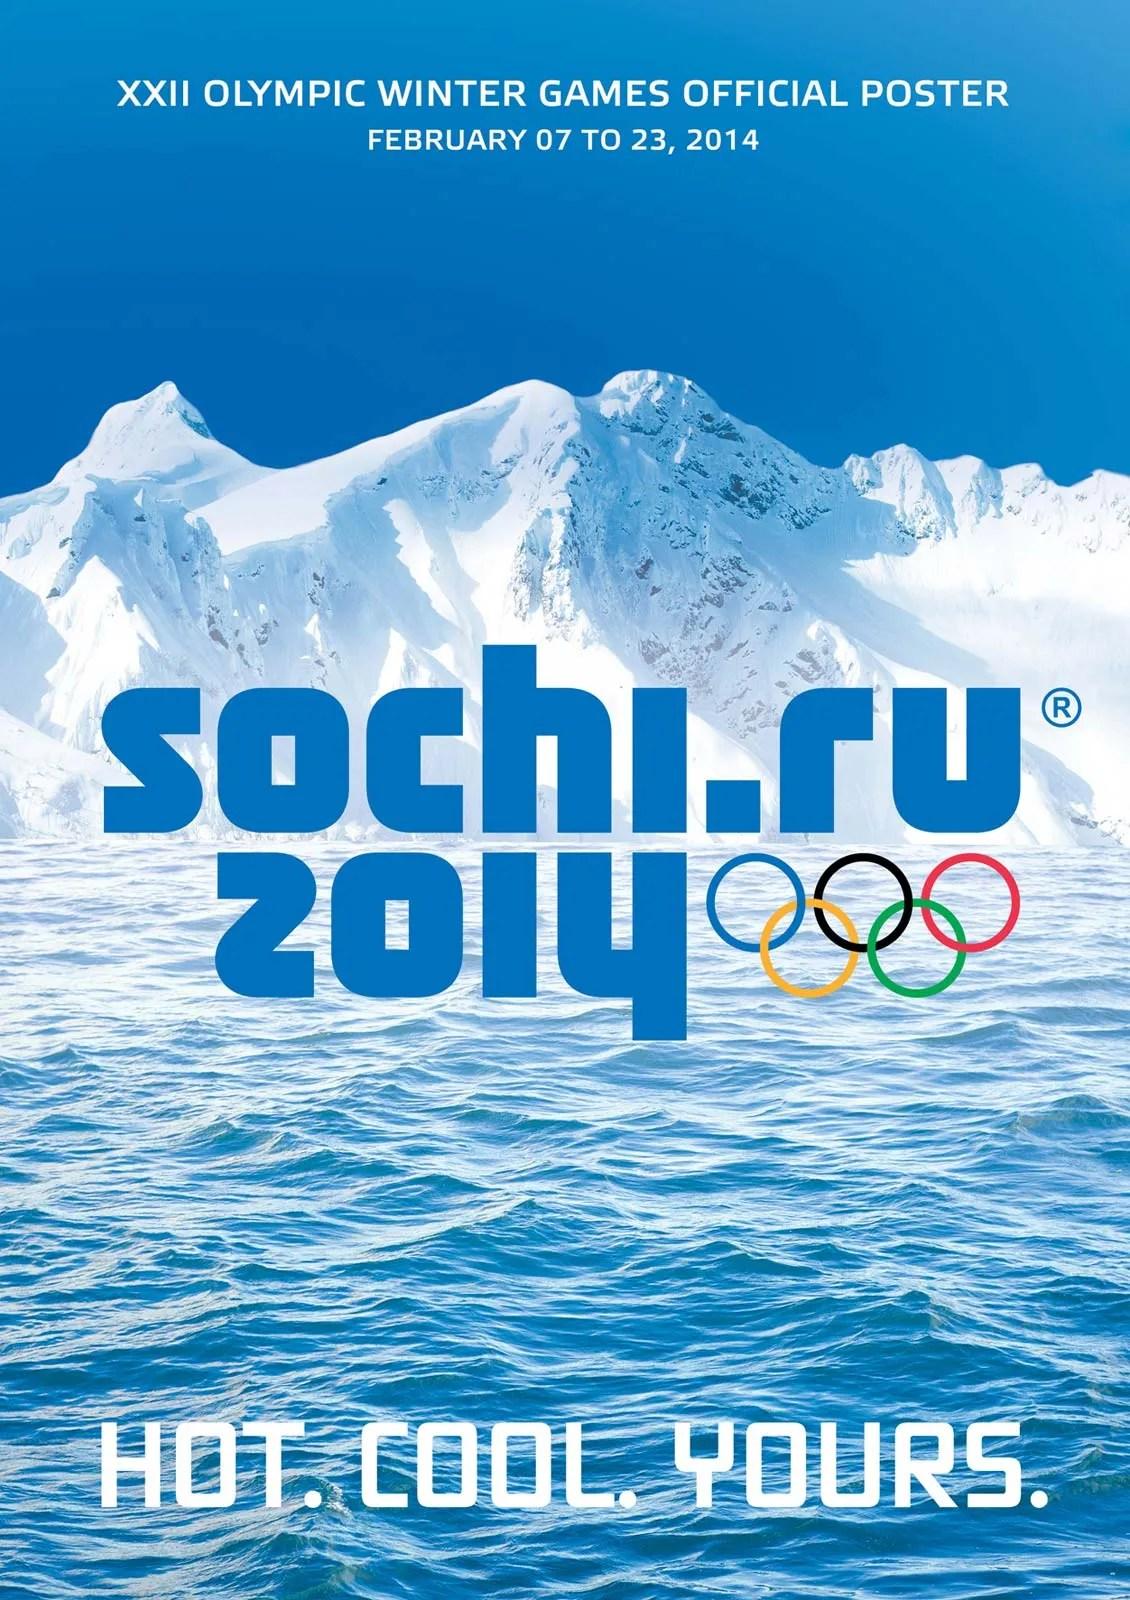 Sochi Olympic Winter Games
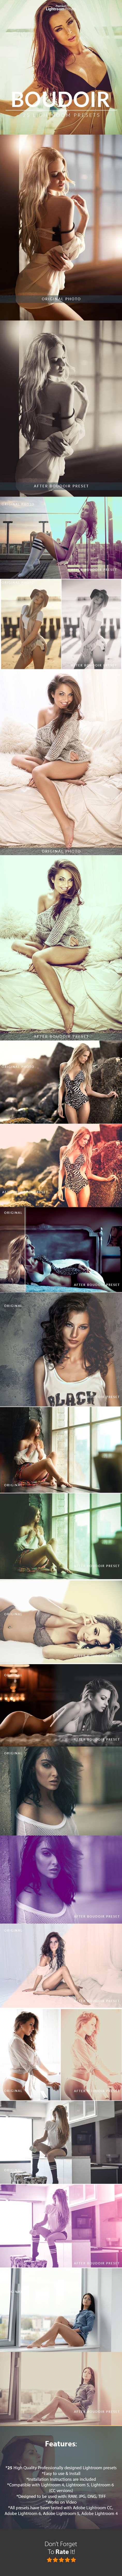 GraphicRiver Boudoir Premium Lightroom Presets 20413399
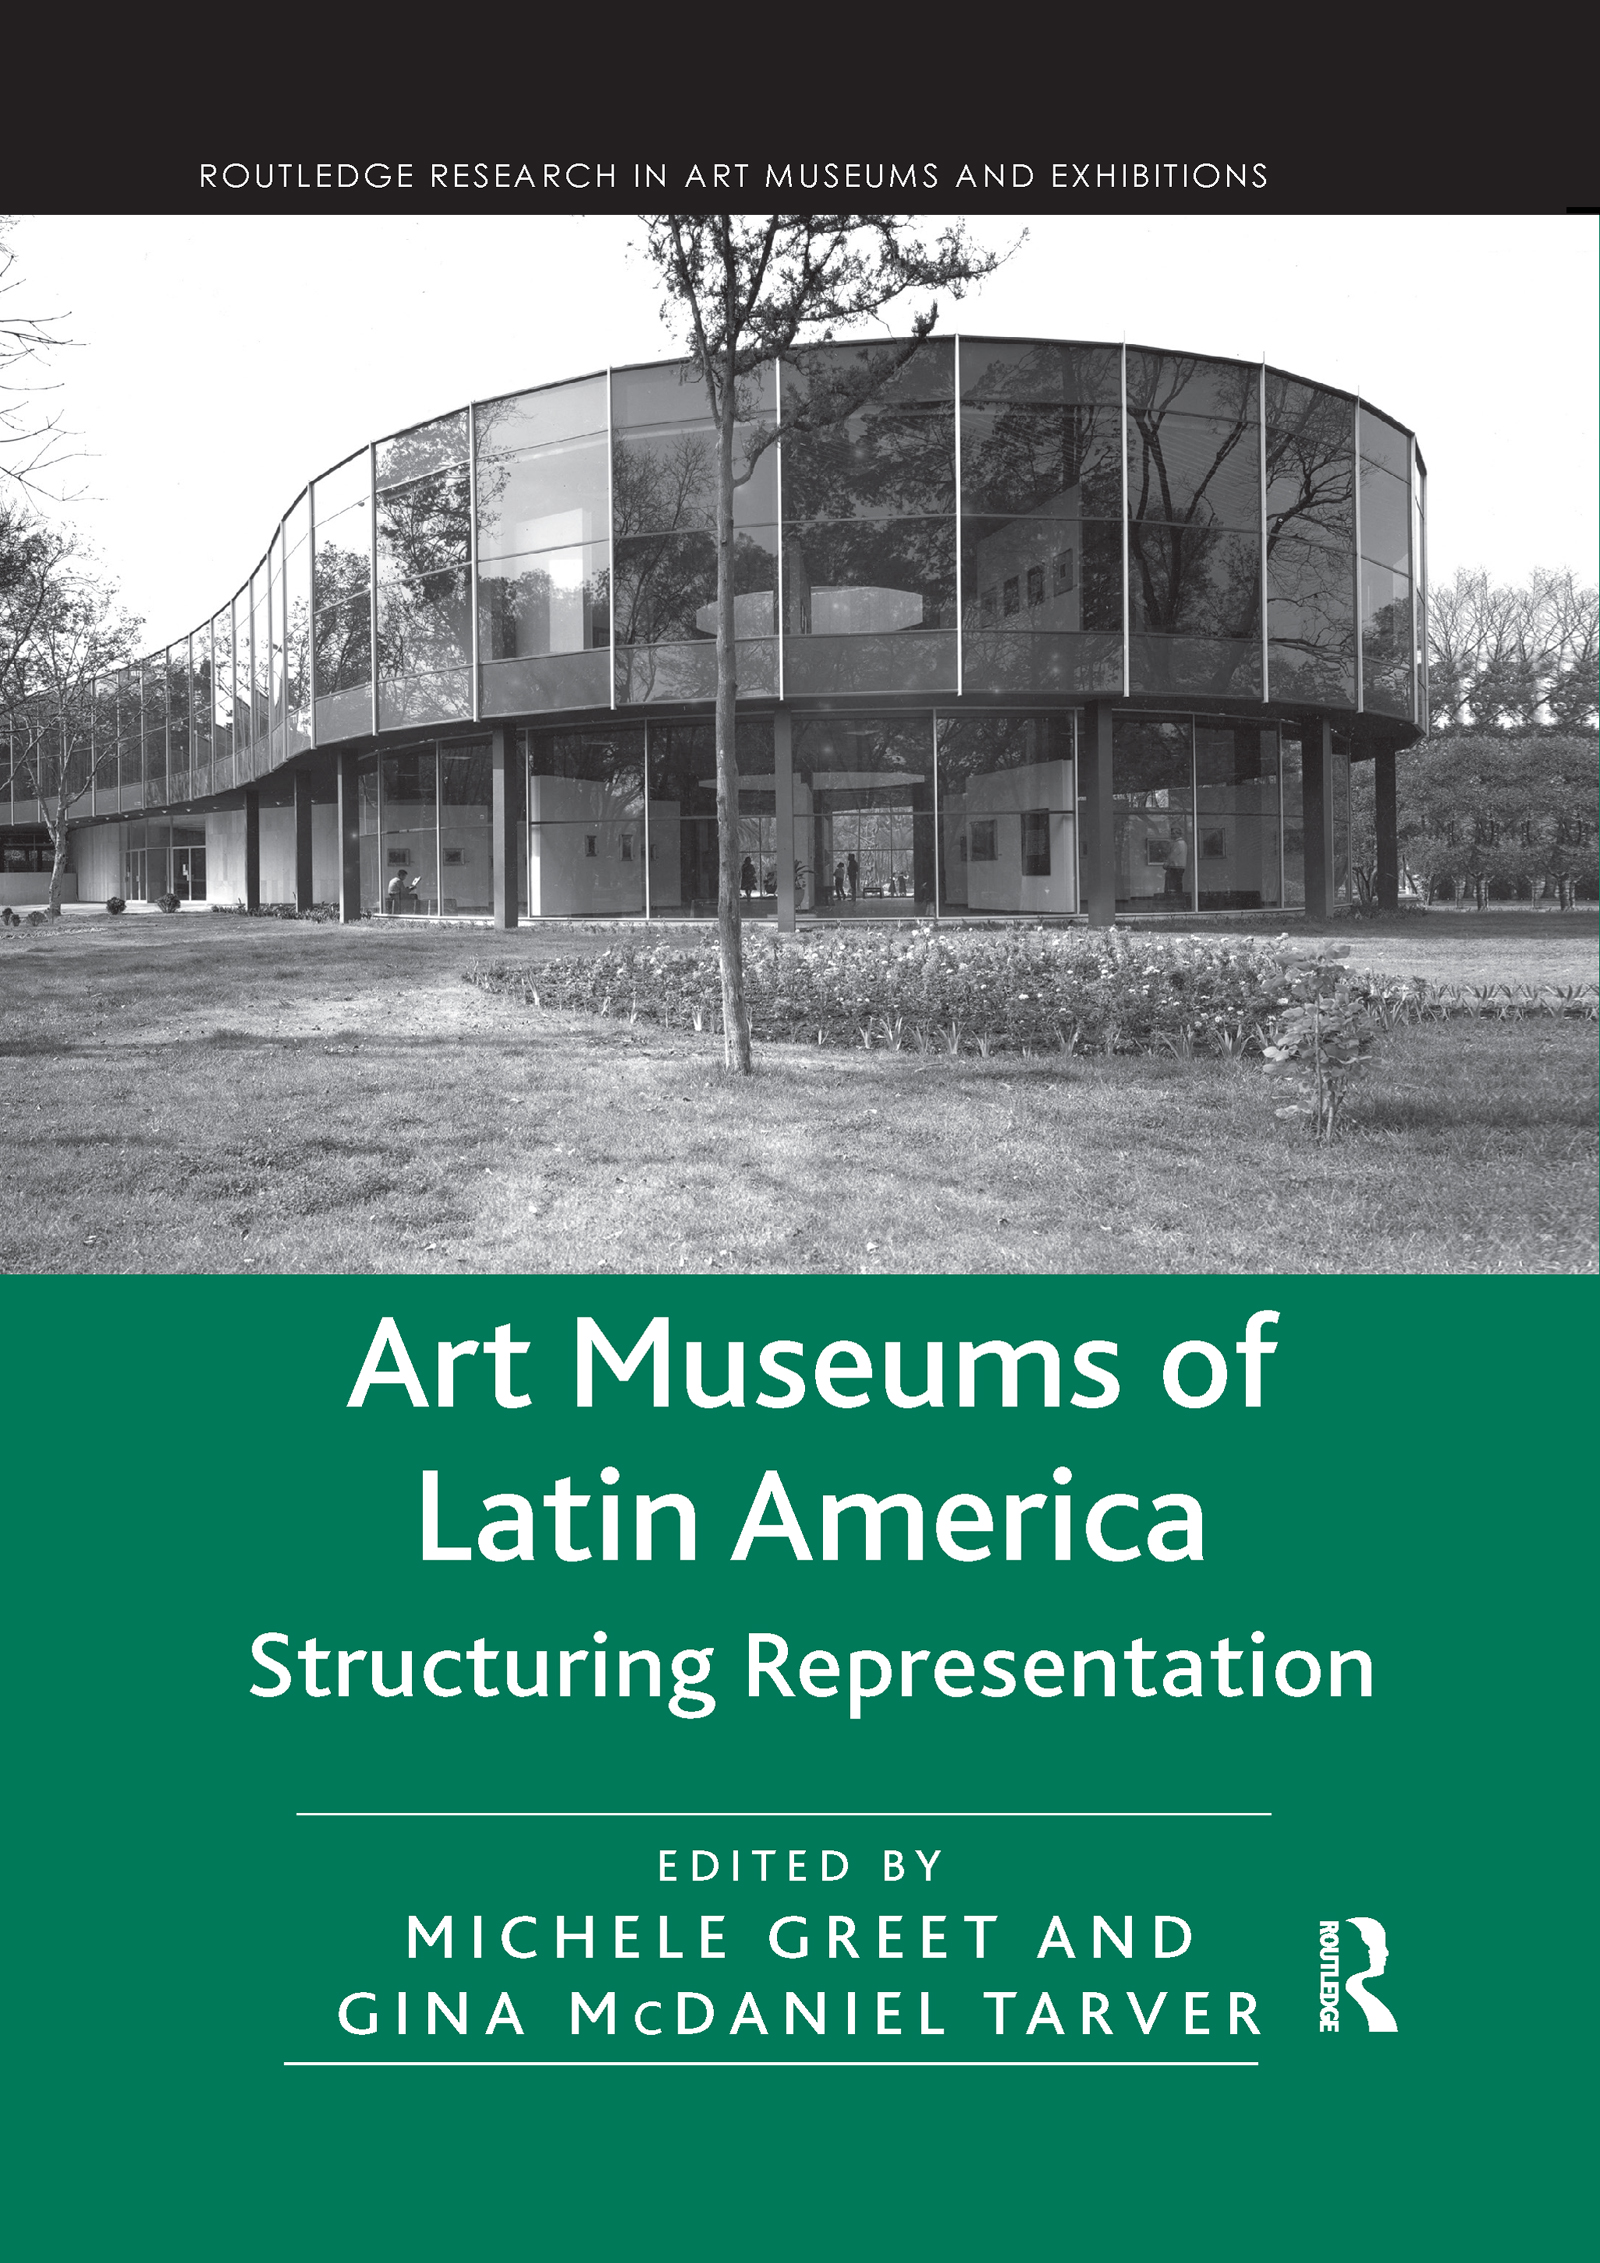 Art Museums of Latin America
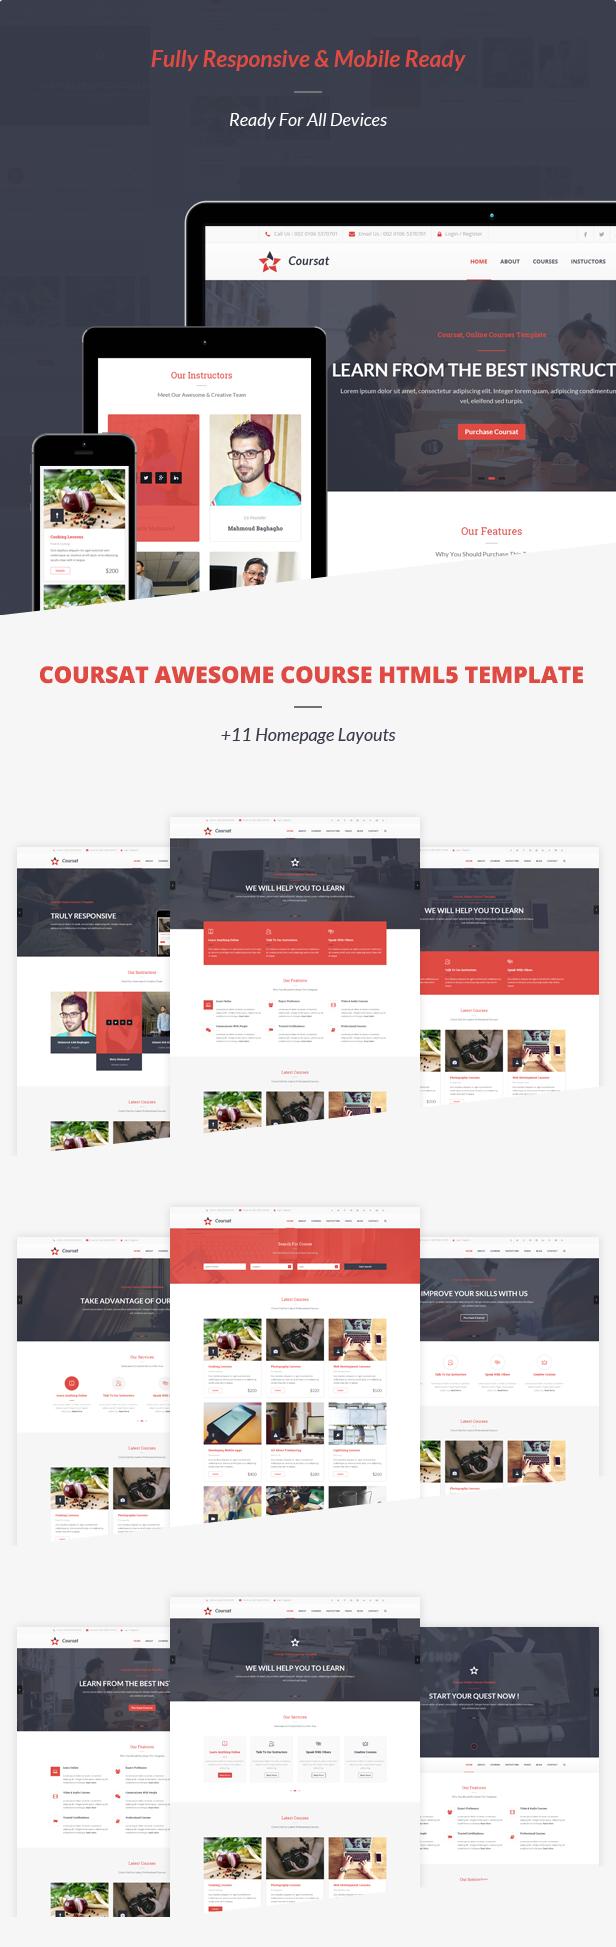 Coursat – Responsive Course HTML5 Site Template
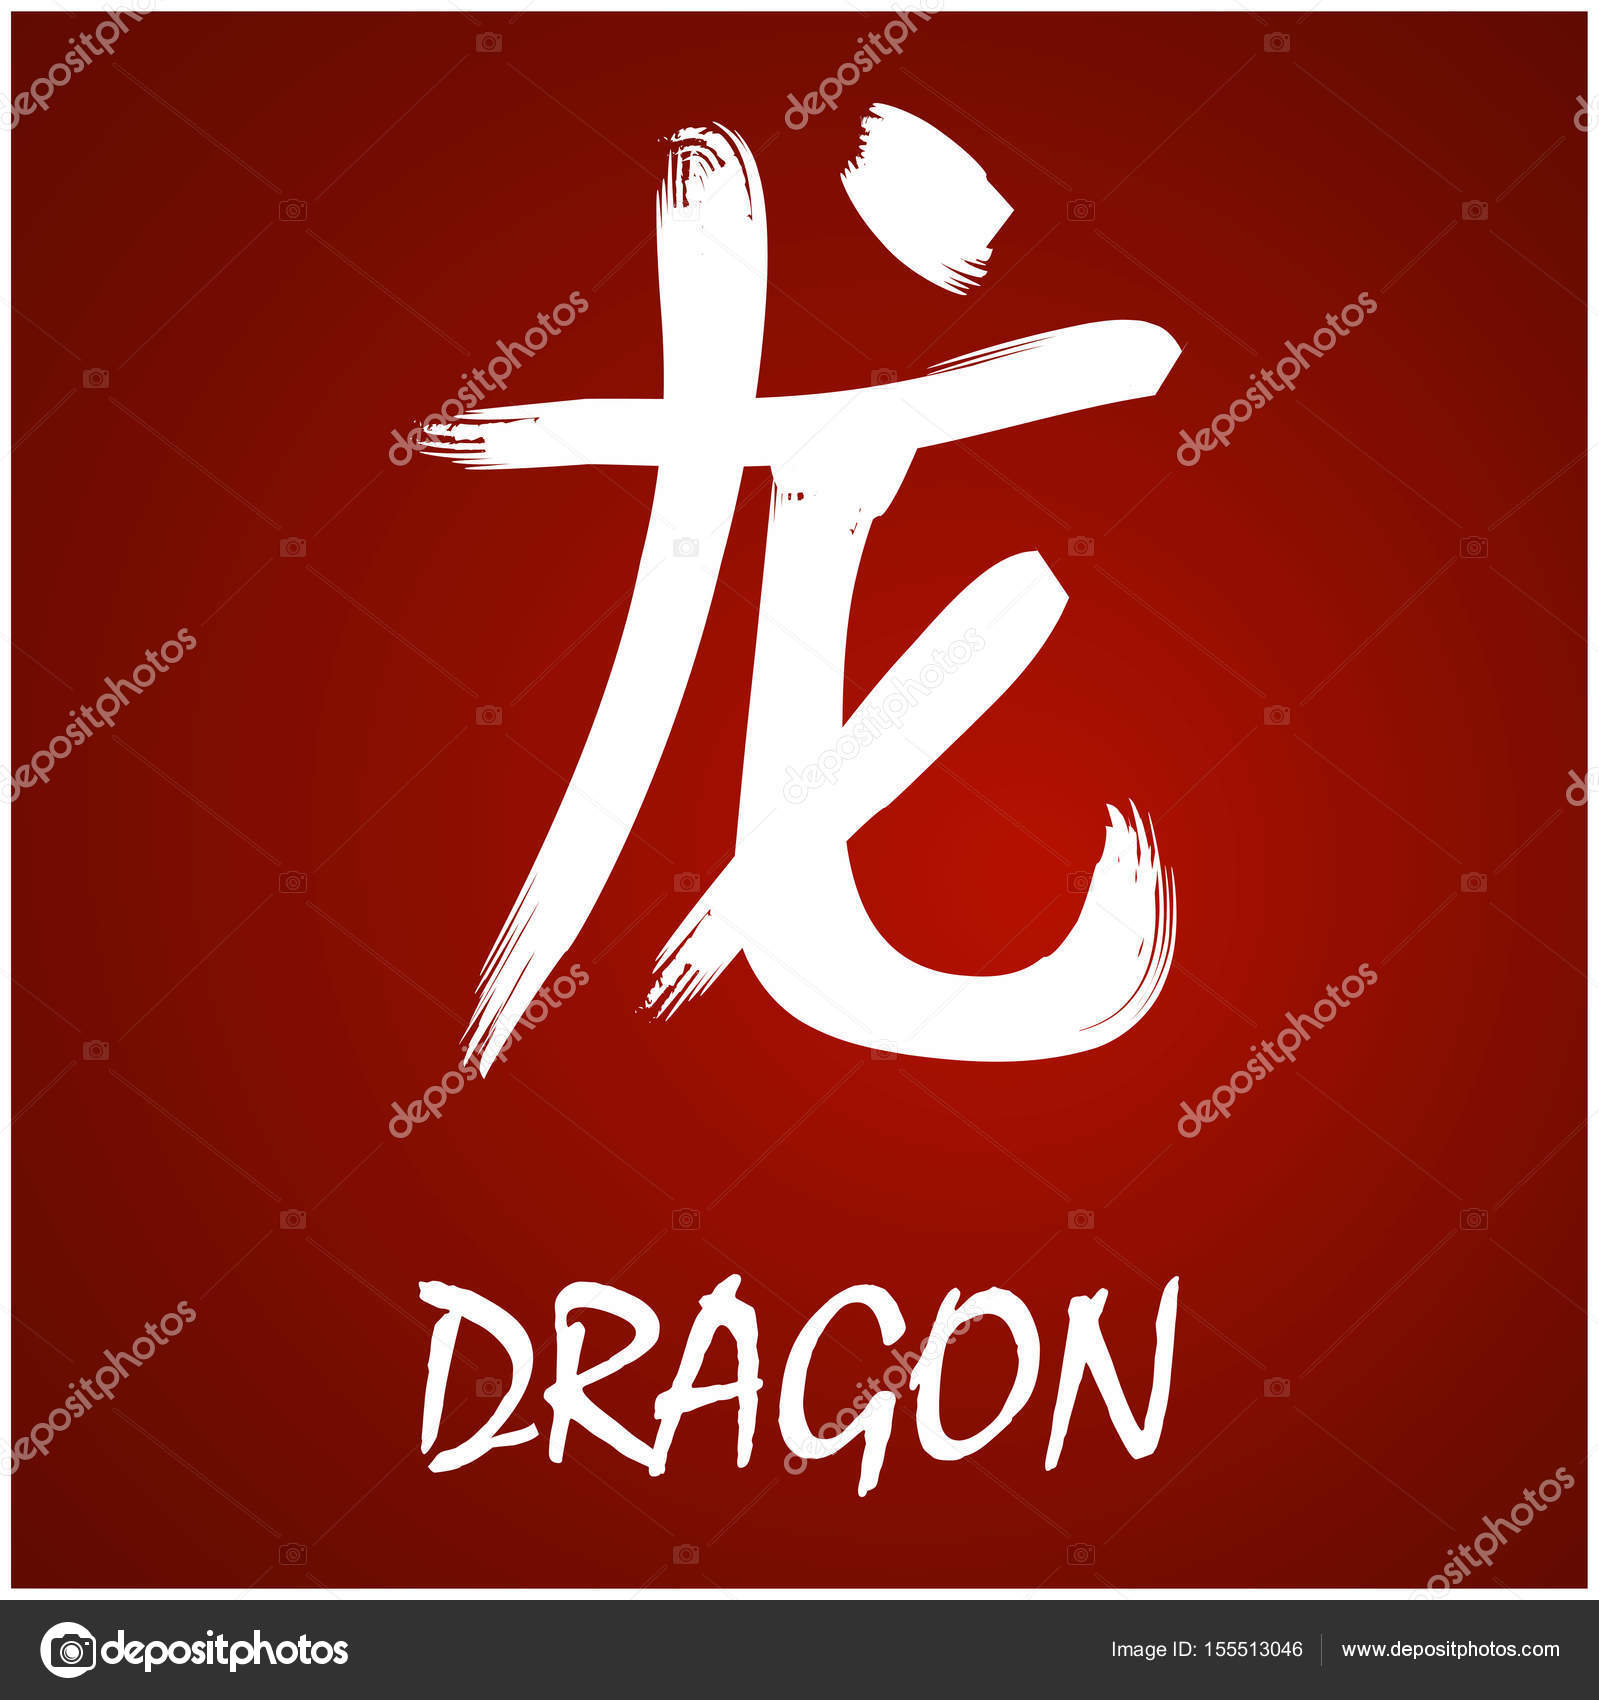 Japanese symbol dragon images symbol and sign ideas japanese kanji dragon stock vector tillhunter 155513046 japanese kanji dragon stock vector 155513046 buycottarizona buycottarizona
────────────────────────────────────────
The lines above from the line with "GraphicRiver Boudoir Premium" through the line with "Coursat – Responsive" are to be given again word for word, with no pictures among them.

 GraphicRiver Boudoir Premium Lightroom Presets 20413399
 Art Museums of Latin America
 Coursat – Responsive Course HTML5 Site Template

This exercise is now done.